**BRIEF:** Your response is a verbatim copy of the listing, stripped of its images.

**DATA EXTRACT:**

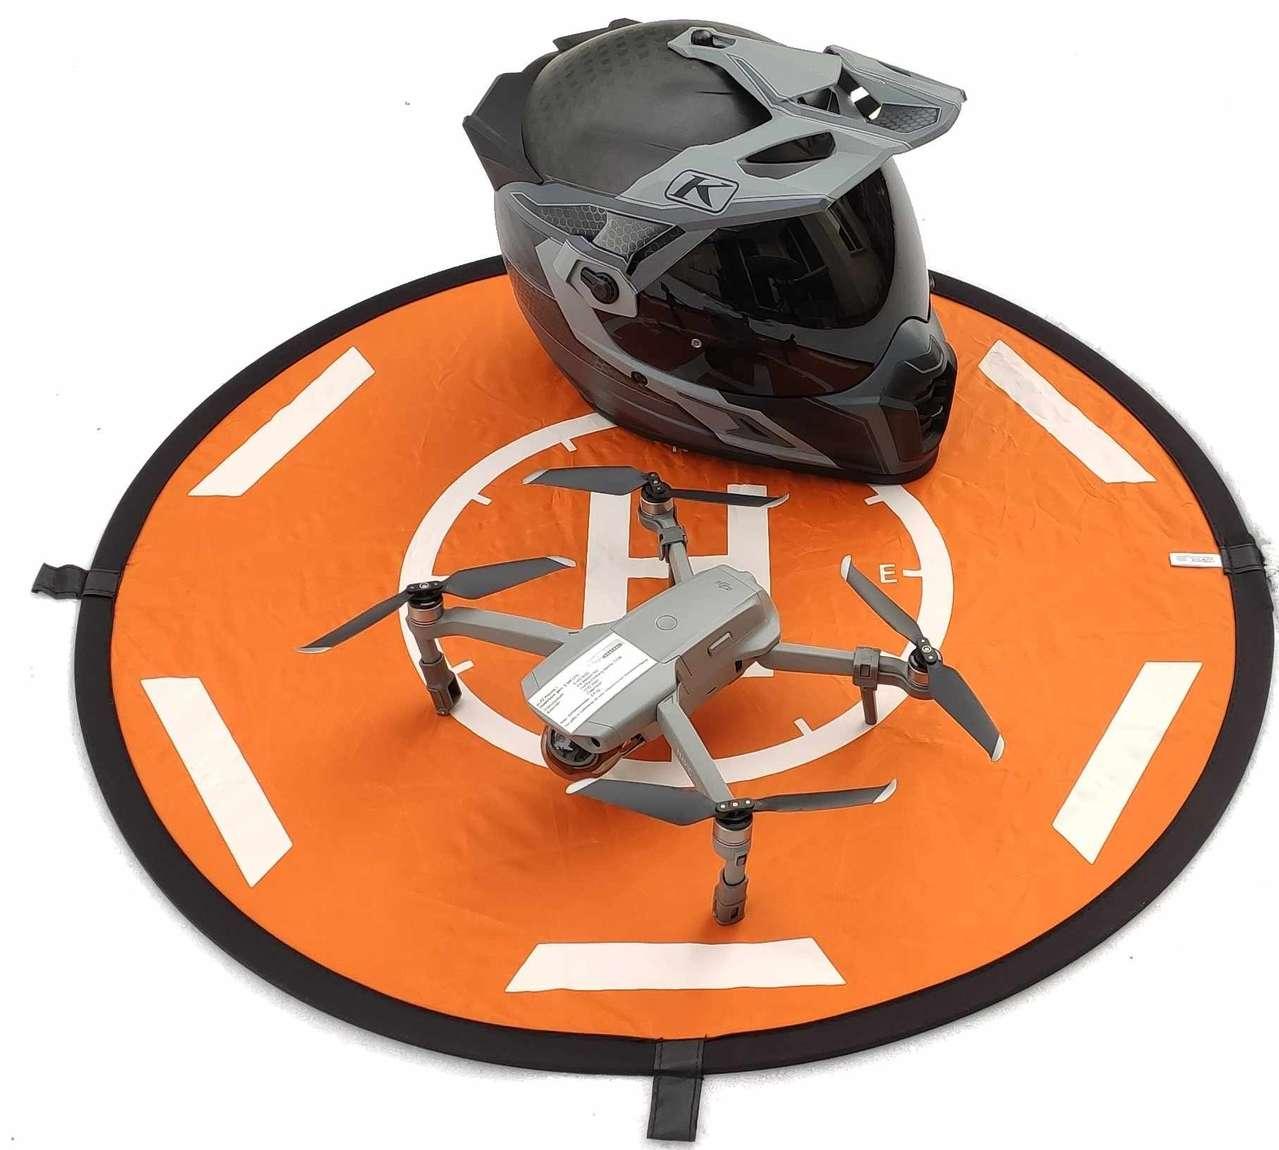 2021 startet die Führerscheinpflicht für Drohnenpiloten
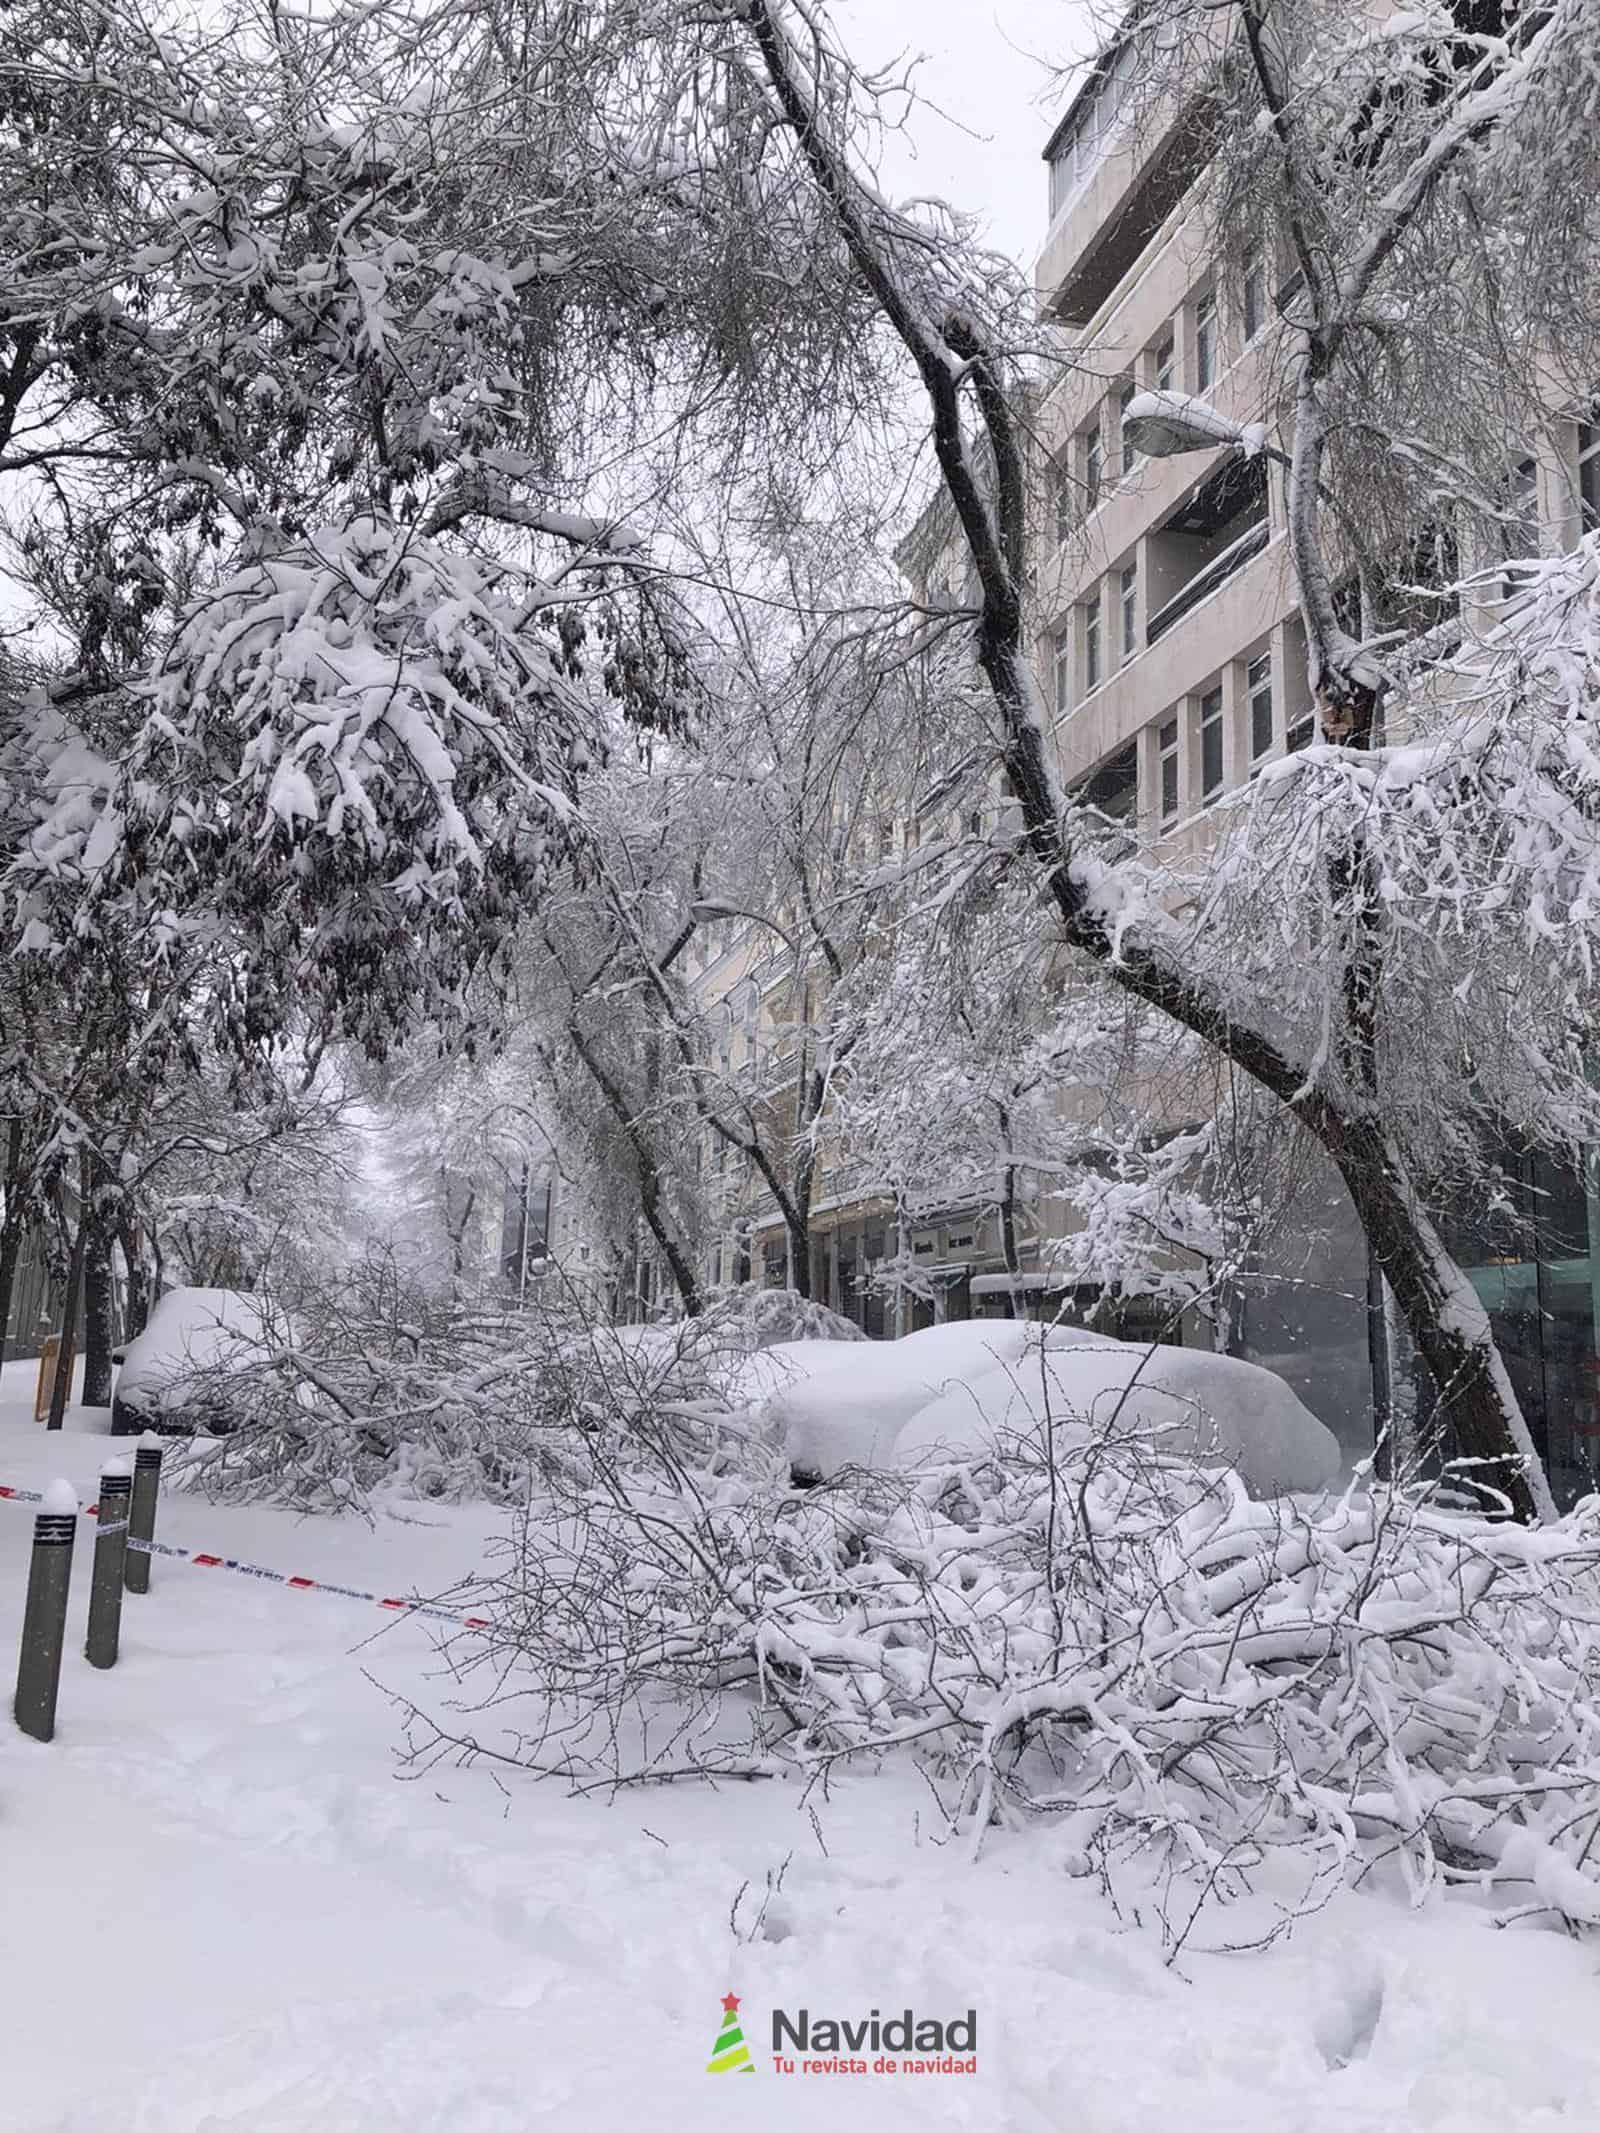 Fotografías de la nevada de enero en Madrid (España) 77
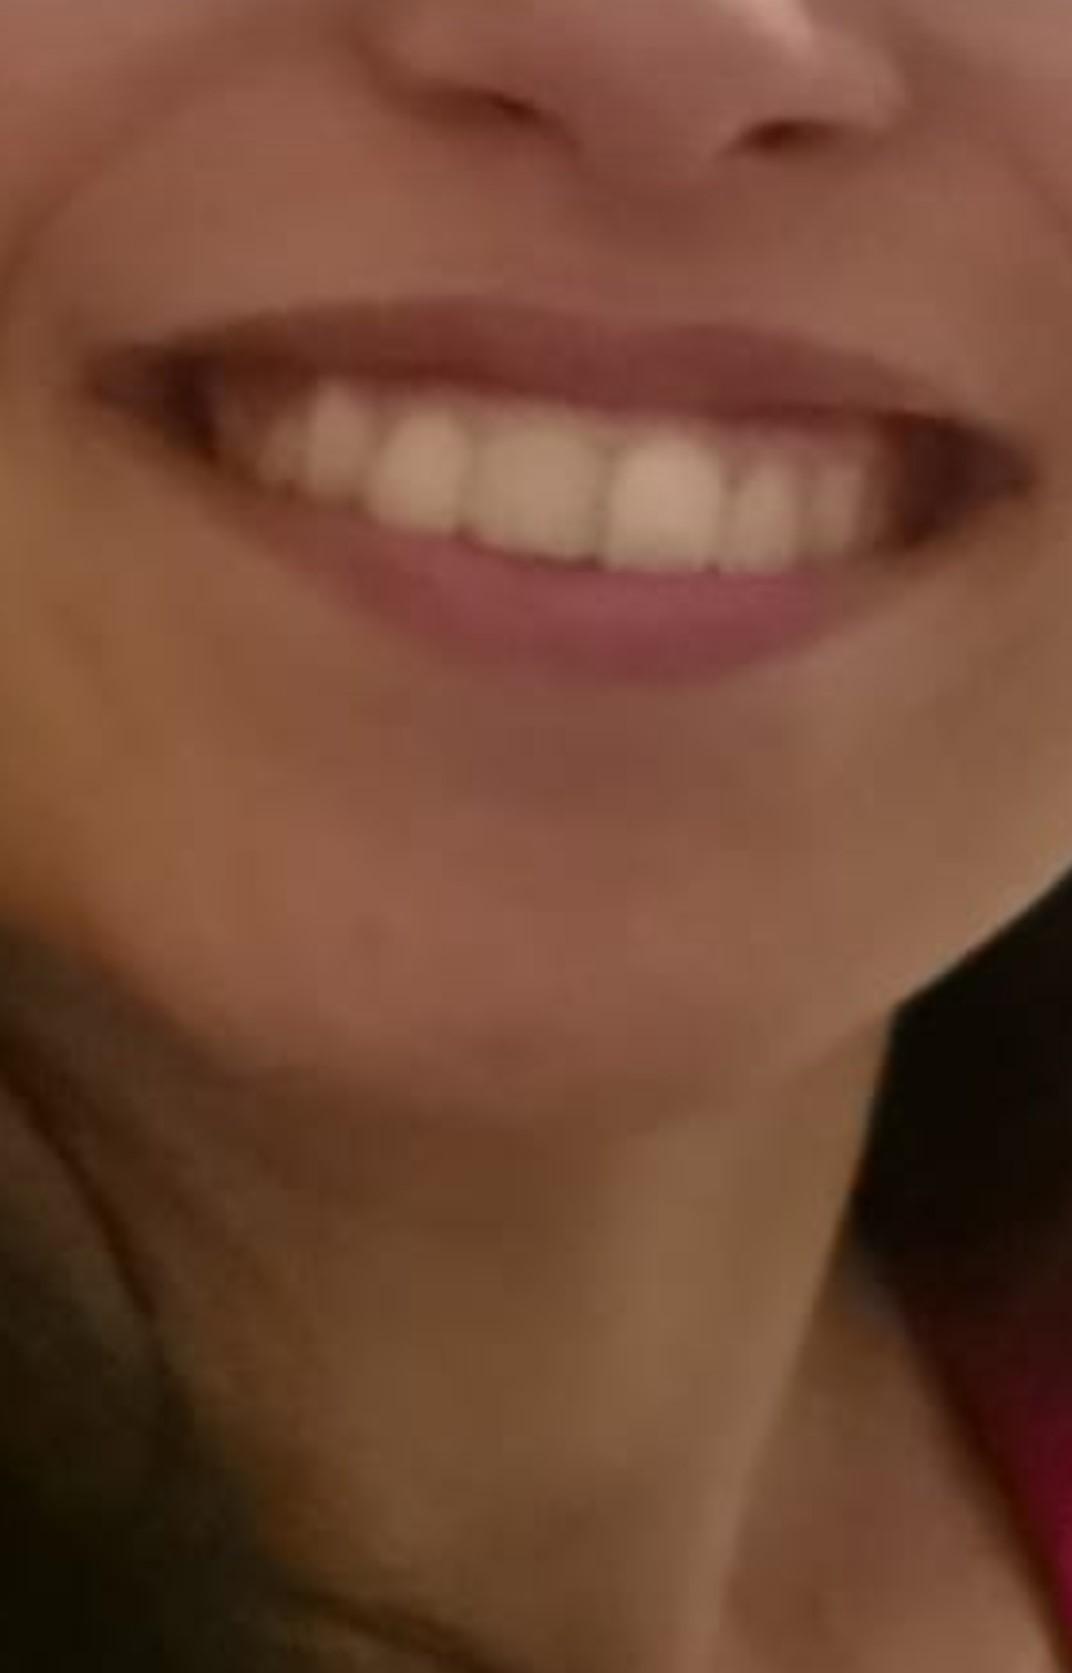 Ultimamente alcuni dei miei denti sono diventati più giallastri rispetto ad altri
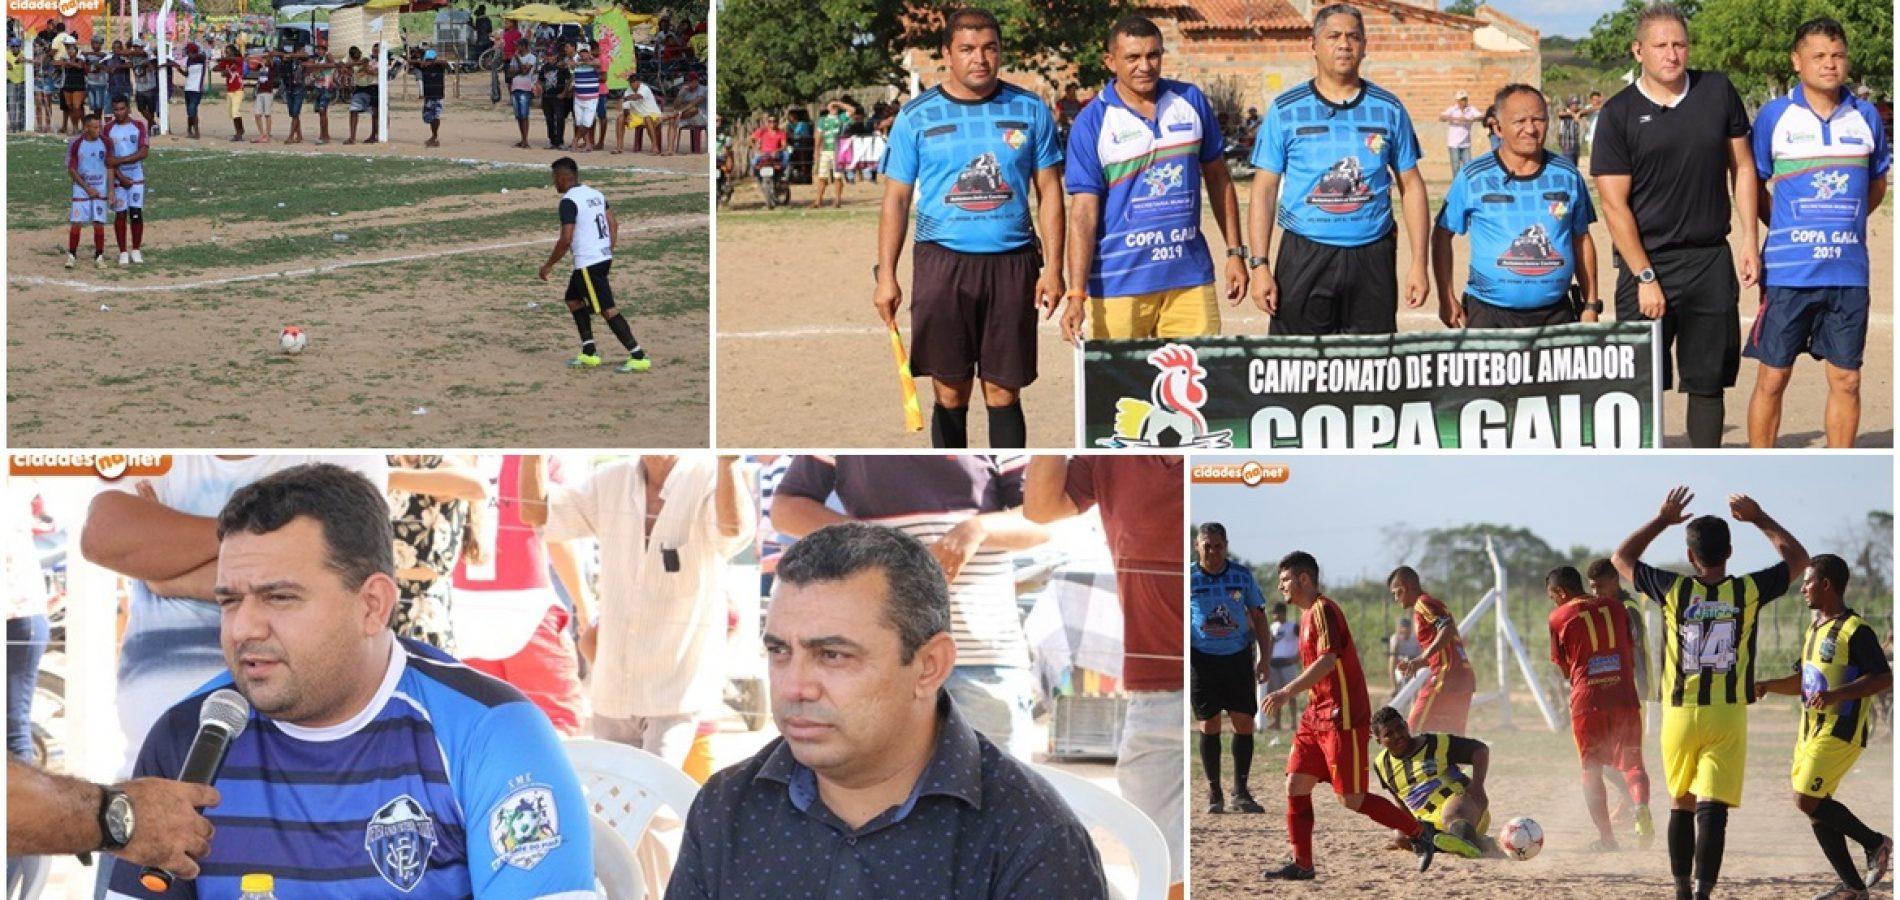 JAICÓS | Veja os resultados da segunda rodada da Copa Galo

**YOUR SOLUTION:**
 2021 startet die Führerscheinpflicht für Drohnenpiloten
 Fotografías de la nevada de enero en Madrid (España) 77
 Ultimamente alcuni dei miei denti sono diventati più giallastri rispetto ad altri
 JAICÓS | Veja os resultados da segunda rodada da Copa Galo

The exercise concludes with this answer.